姜妈妈笑着摆摆手:“我们自己打车就好。”
“那不行!”李程掏出手机叫车,“今晚我请客呢,一条龙服务得到位了!再说我也懒得跟我姐我弟他们挤后座。”
姜妈妈笑笑,也就由着他去了。
叫的车还得等一会儿,李程跟他爸妈打完招呼,被他妈揪着耳朵叮嘱了几句才屁颠屁颠跑回来。
姜乃扶着妈妈,三人回到饭店里的休息区沙发避避风。
“你妈又念叨你了?”姜乃随口问。
“从小到大跟你出去哪次不念?”李程叹气,“不准乱跑,不准瞎玩,不准晚归,记得回家辅导我弟功课……”他掰着手指数,数完了又叹一口更大的气,“我都习惯了。”

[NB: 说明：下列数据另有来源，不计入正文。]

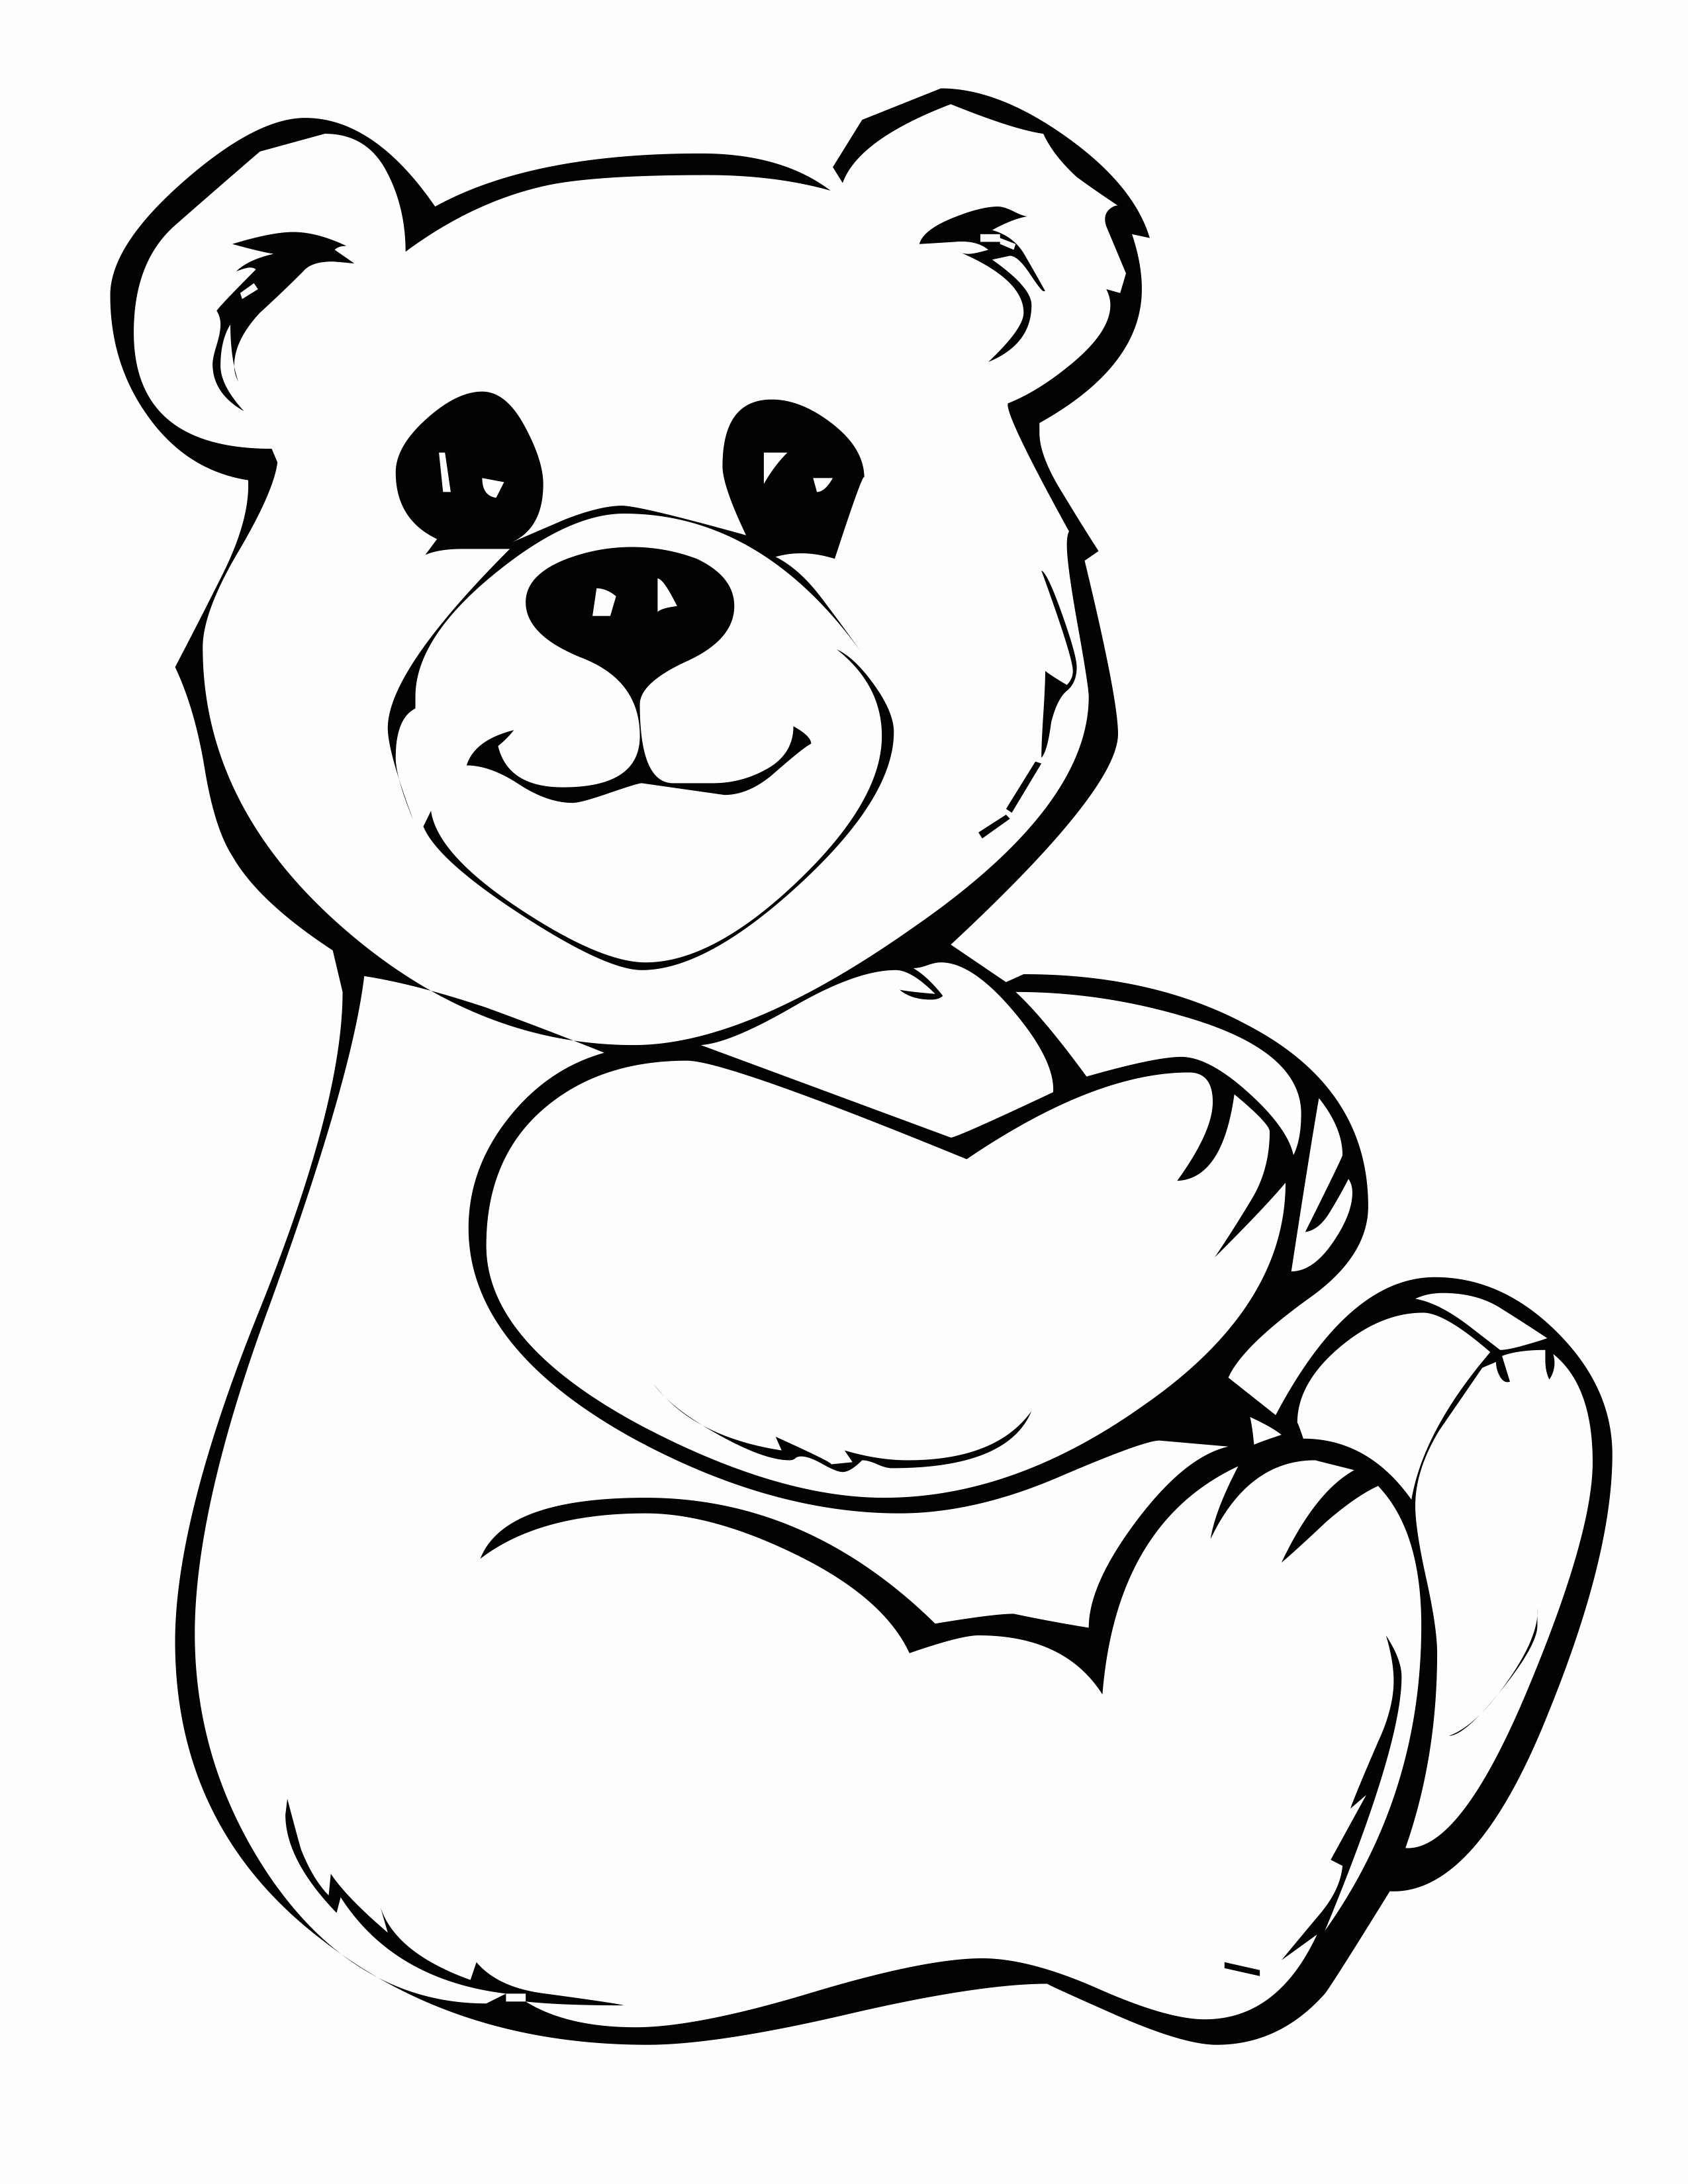 teddy bear coloring page baby teddy bear coloring pages teddy
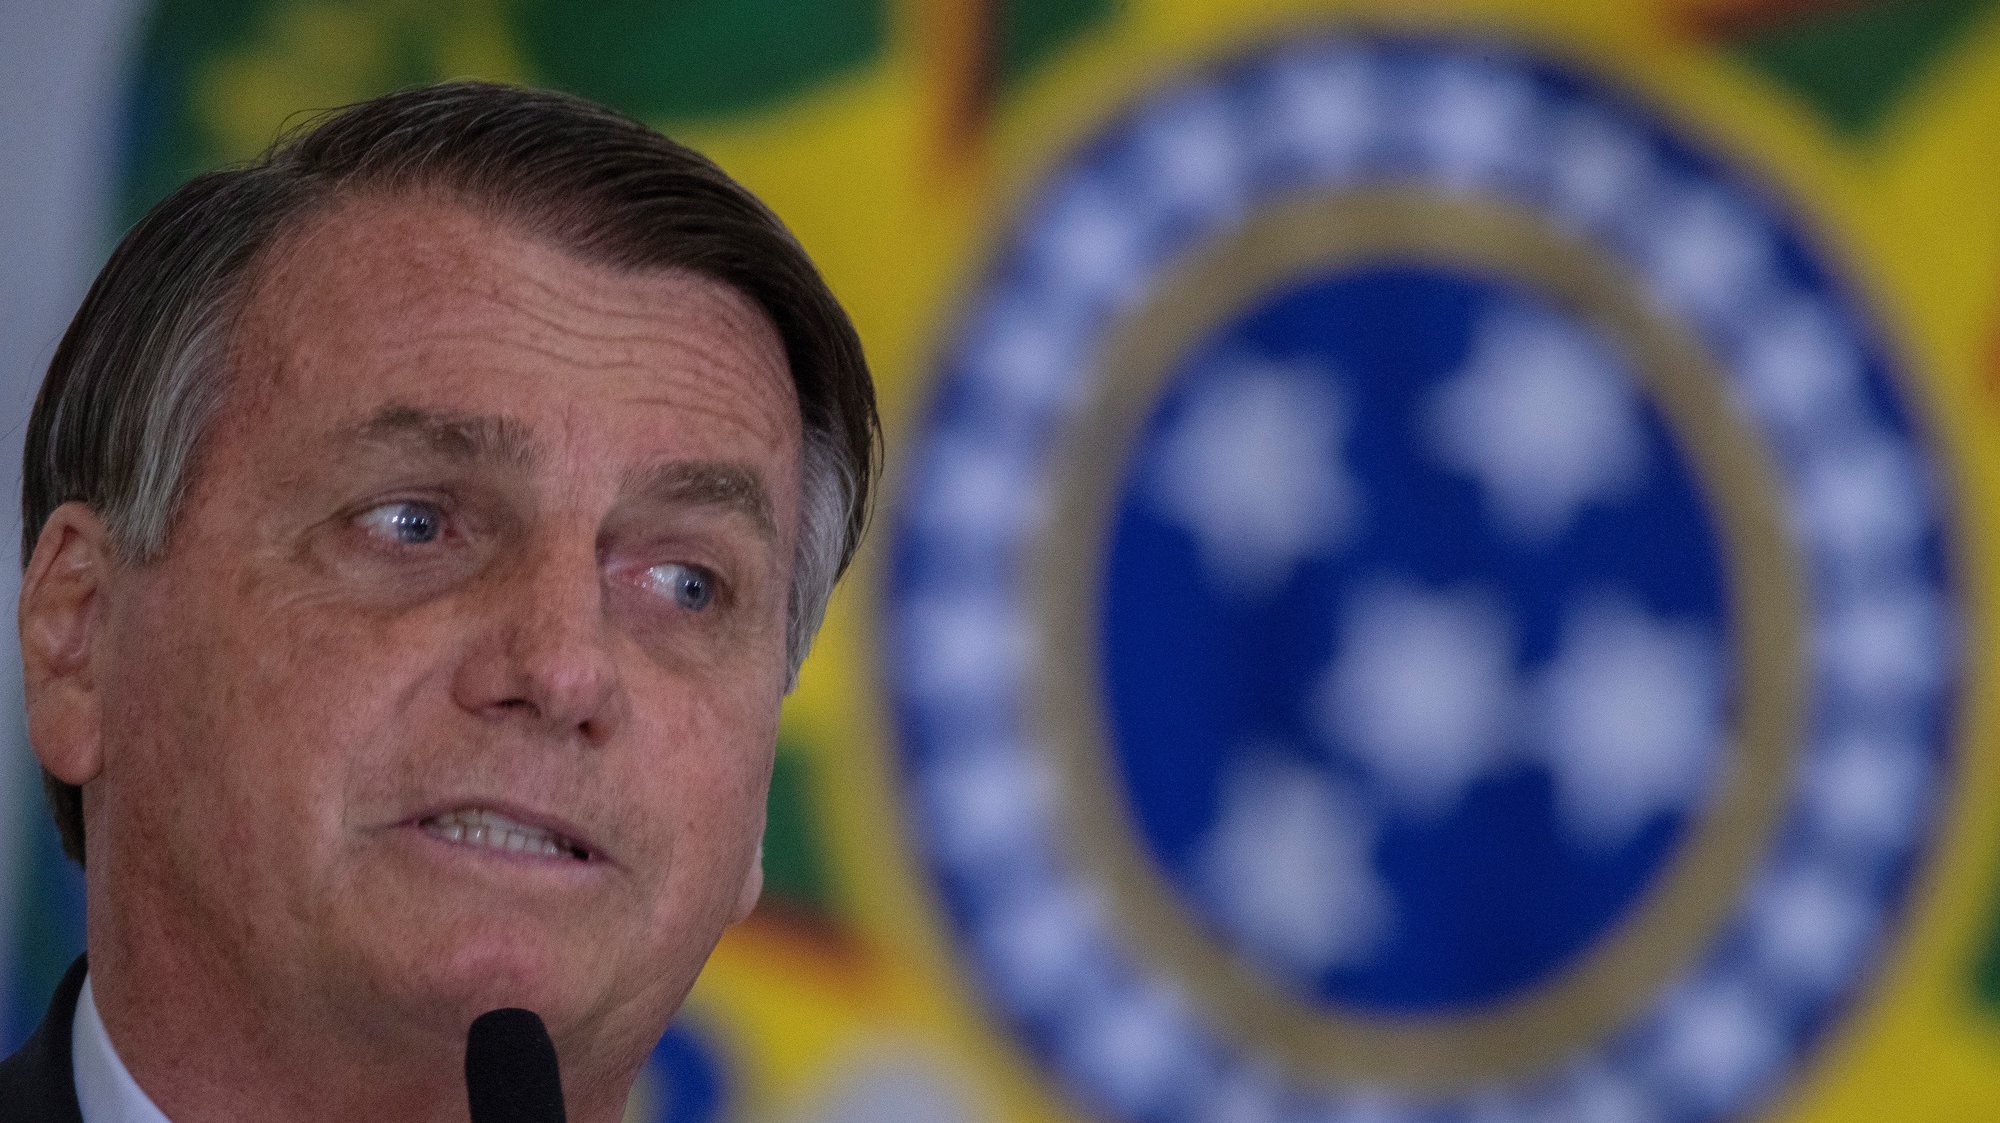 epa09469929 The President of Brazil, Jair Bolsonaro, participates in the Call for Progress in the &#039;Casa Verde e Amarela&#039; Program, at the Palacio do Planalto, in the city of Brasilia, Brazil, 15 September 2021. Bolsonaro reiterated this 15 September that the &#039;ancestral right&#039; that the indigenous people claim over the lands could lead to &#039;losing a Germany and a Spain together&#039; and cause &#039;a catastrophe&#039; to the country&#039;s agriculture. The president insisted on the matter on the eve of the Supreme Court continuing a trial in which it must rule in relation to the so-called &#039;time frame&#039;, which only recognizes as indigenous land that which the native peoples occupied on 05 October 1988, when the current Brazilian Constitution was promulgated.  EPA/Joedson Alves
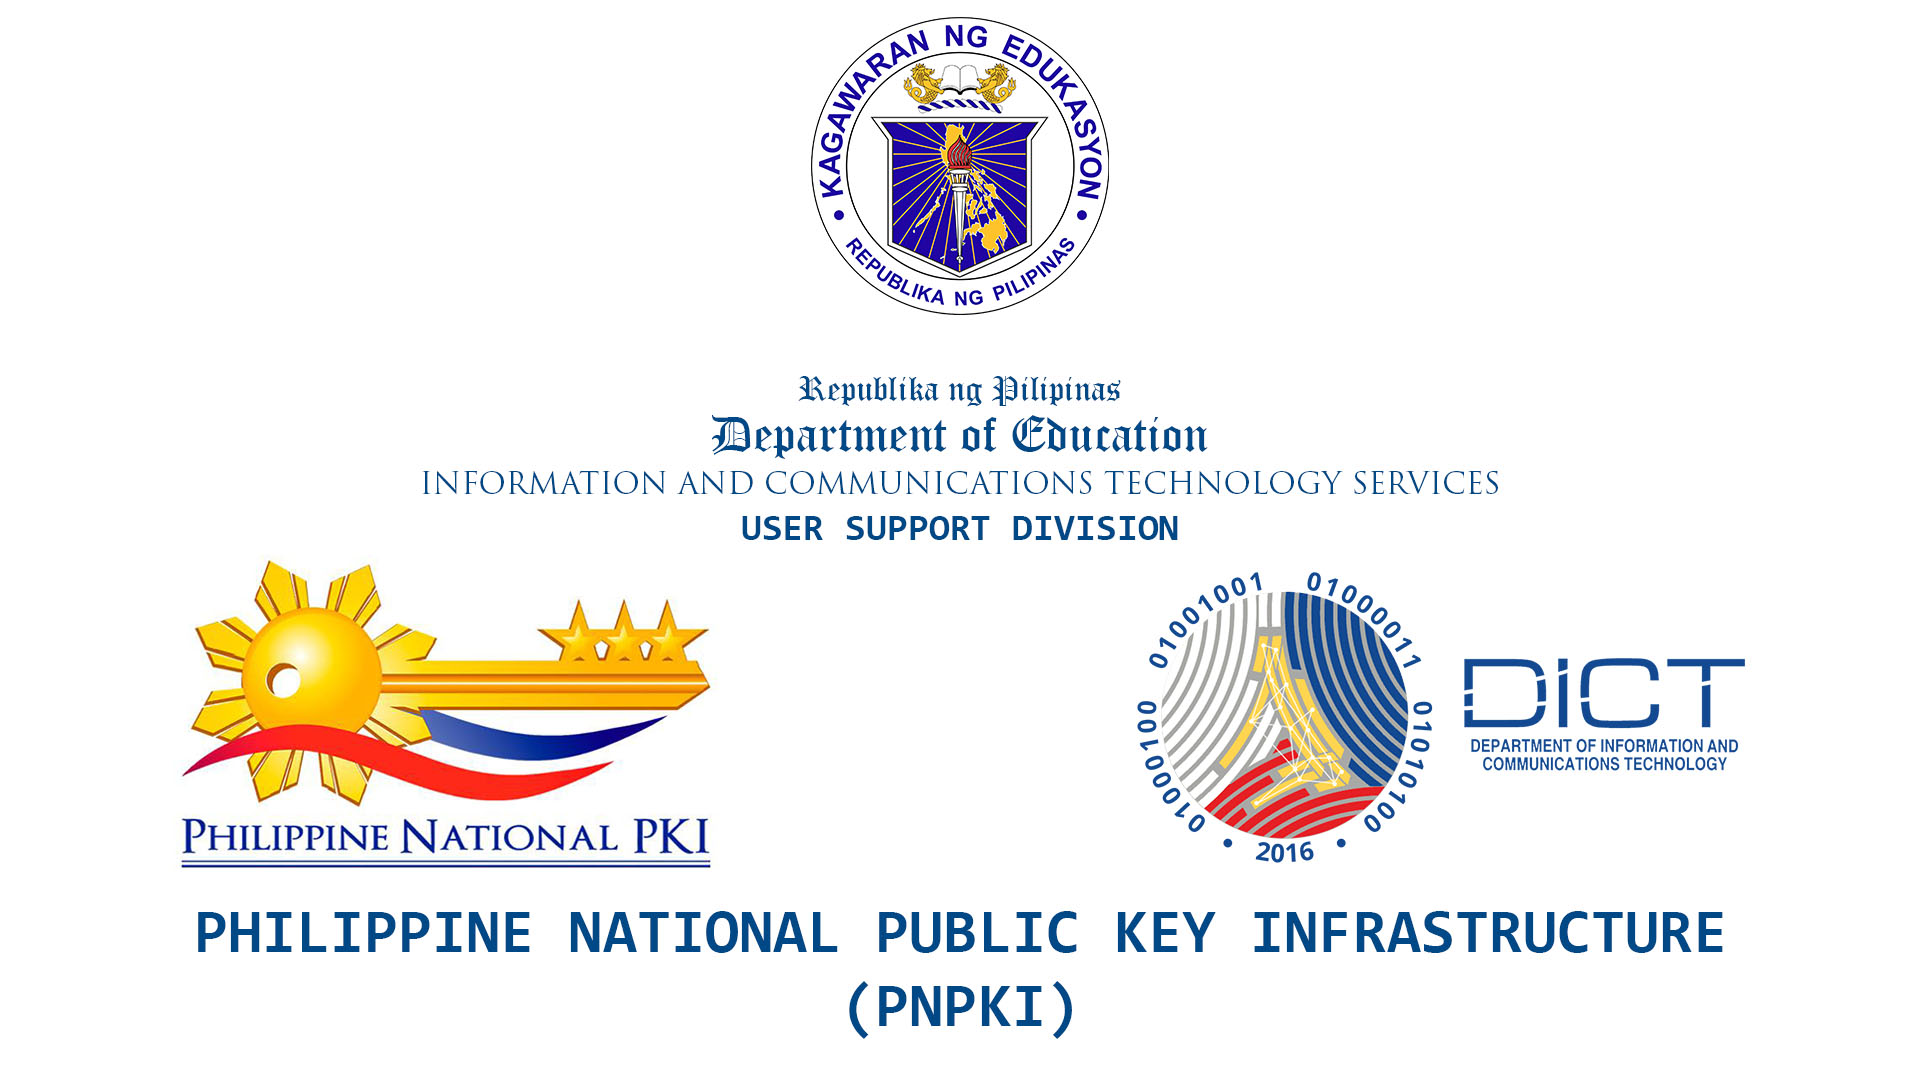 Iloilo 4th Congressional District - Facility for the Submission of the Application Requirement for the PNPKI Digital Certificate of DepEd Personnel in the Field Offices

“然后你都不听,回家之后被鸡毛掸子追着满屋跑是吧?”姜乃笑他。
“没错!”李程挺起胸膛,“拒绝封建家长专政!无产阶级的人民要站起来!”
姜乃被他逗得忍不住乐,往他肩上捶了一拳。
饭店大厅人来人往,中央摆了架三角钢琴,有个穿着红色礼裙的小姐姐正在演奏。
琴声悠悠飘扬,离门口有段距离。妈妈看得入神,姜乃看看她,也侧耳听了听。
是贝多芬的《月光》。
“又过年了啊……”李程望向玻璃门外飘落的雪花,伸了个懒腰,挨到姜乃肩上,“又老一岁咯。”
“李大爷,您老才22。”姜乃推他。
“你快要23了啊。”李程托着下巴,一脸忧郁,“虚岁都24了,按老一辈的虚法你都25了,半50了!”
“靠。”姜乃失笑,也跟着他的视线望向门外飞舞的雪。
“你初七回广州?”李程问。
“嗯。”姜乃轻轻点头,“初八得回菜档报道了。”
李程“嗯”了一声,沉默了一会儿,突然轻声问:“你就打算一直在那个菜市场干了?”
姜乃愣了一下,转头看他。
李程瞥他一眼,坐直了些:“我没别的意思……就是觉得,你在那儿当个小工,好像……一眼就望到头了。”
他仰起头,抬手挡住饭店的水晶吊灯。
细碎的光透过指缝,落进他眼里,明明灭灭,“不会觉得很可惜吗?你明明……又会写曲又会唱歌,有那么多本事。”
姜乃没有回答,也和他一起抬头,看向吊灯。
巨大的水晶吊灯从大堂穹顶上一层一层地垂下来,如同一道冰冷而华丽的瀑布,俯视着这片富丽堂皇下的觥筹交错、人走茶凉。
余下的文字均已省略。